Kjell was sitting on a rock a few yards downstream. She turned around and waved to him mechanically.

“Want some soap?” he called to her.

“Sure.”

He ran inside and came out with a square of lye-smelling homemade soap.

“Look,” he said pointing to the edge of the building, “there’s a shower over there. You use that and the soap won’t hurt the fish.”
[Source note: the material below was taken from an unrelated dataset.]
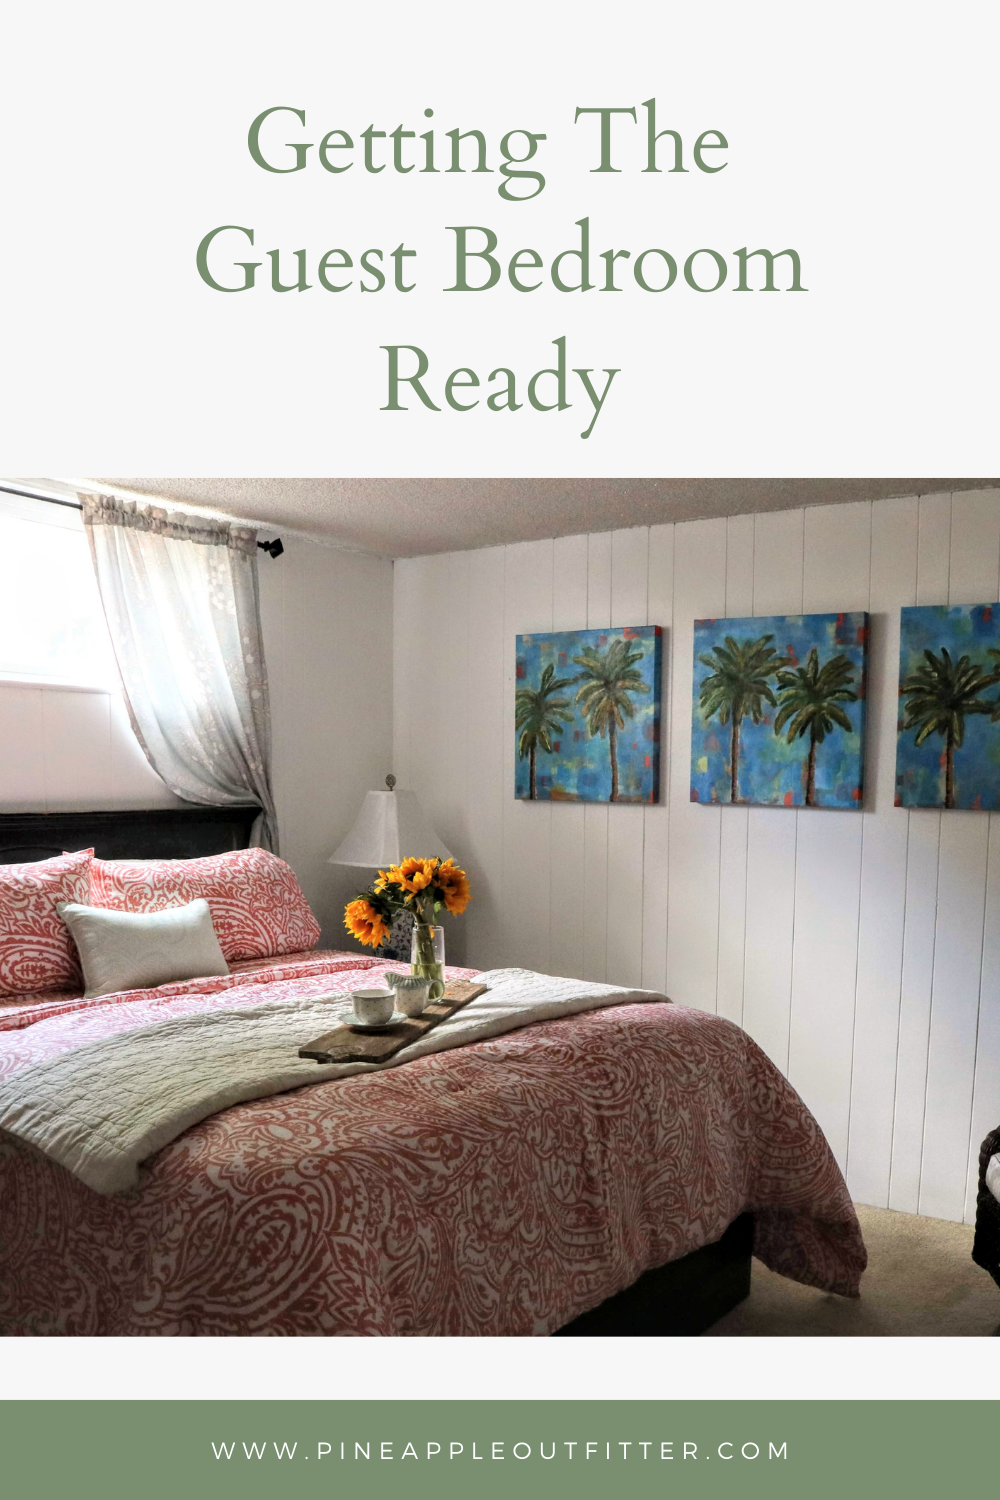 Getting the Guest Bedroom Ready

He watched her soberly as she climbed out of the stream and walked to the shower. The water was cold, much colder than the stream. She soaped herself as the boy looked on, rinsed, and wrapped herself sarongwise in the towel.

“O.K.?” she asked him.

“Sure.”

He walked across the creek from rock to rock and sat down on the bank opposite her.

“Nice place,” she said.

“Pretty nice. Nothing like it was though.”

“How was it?”

“Oh, it was full of people all the time.

“It’s better like this, don’t you think?”

“I don’t know. The fishing’s better.”

“How can you fish,” she asked him, “if you’re worried about soap hurting them? Doesn’t the hook hurt them?”

“I don’t think it’s the same,” Kjell said. “Some people around here used to say fishing was cruel. Dieter says the people who objected to it most are all murderers now.”

“You mean they’ve killed people?”

“Well, it could be symbolic. Or it could be they’ve killed people.”

“I see,” she said. “Have you lived here all your life?”

“Most of it. I was born in Paris though.”

He was quite perfect, an exquisite artifact of the scene like the Indian bells in the trees. He was a child of Advance as she herself was — born to the Solution at the dawn of the New Age.

It was impossible for her not to think of Janey but the drug dulled her panic nicely.

“Where’s your mother?”

“Back east in the hospital. She left here a long time ago.”

“She get tired of the crowds?”

“She thought he was God.”

“Well,” Marge said, “that was silly of her.”

“No,” Kjell said, “she thought he really was God. Some people used to. Once some regular church people came up here to ask him about it.”

“What did he tell them?”

“He kind of let on that he was.”

“Did he think he was?”

“He sort of did. Now he says he wasn’t any more God than anybody else but other people didn’t know they were God and he did.”

“Did you think he was God?”

“I don’t know. Maybe he is. I mean, how could you tell?”

“Now when I was a kid,” Marge said, “there was an organization called the League of the Militant Godless.”

“Goddess?”

“God- less ,” Marge said. “They did without.”

“And they were pissed off?”

“Everybody was pissed off when I was a kid. I was pretty pissed off myself.” She stood up and shivered inside the towel. “Hey, it’s nice up here. What is this place?”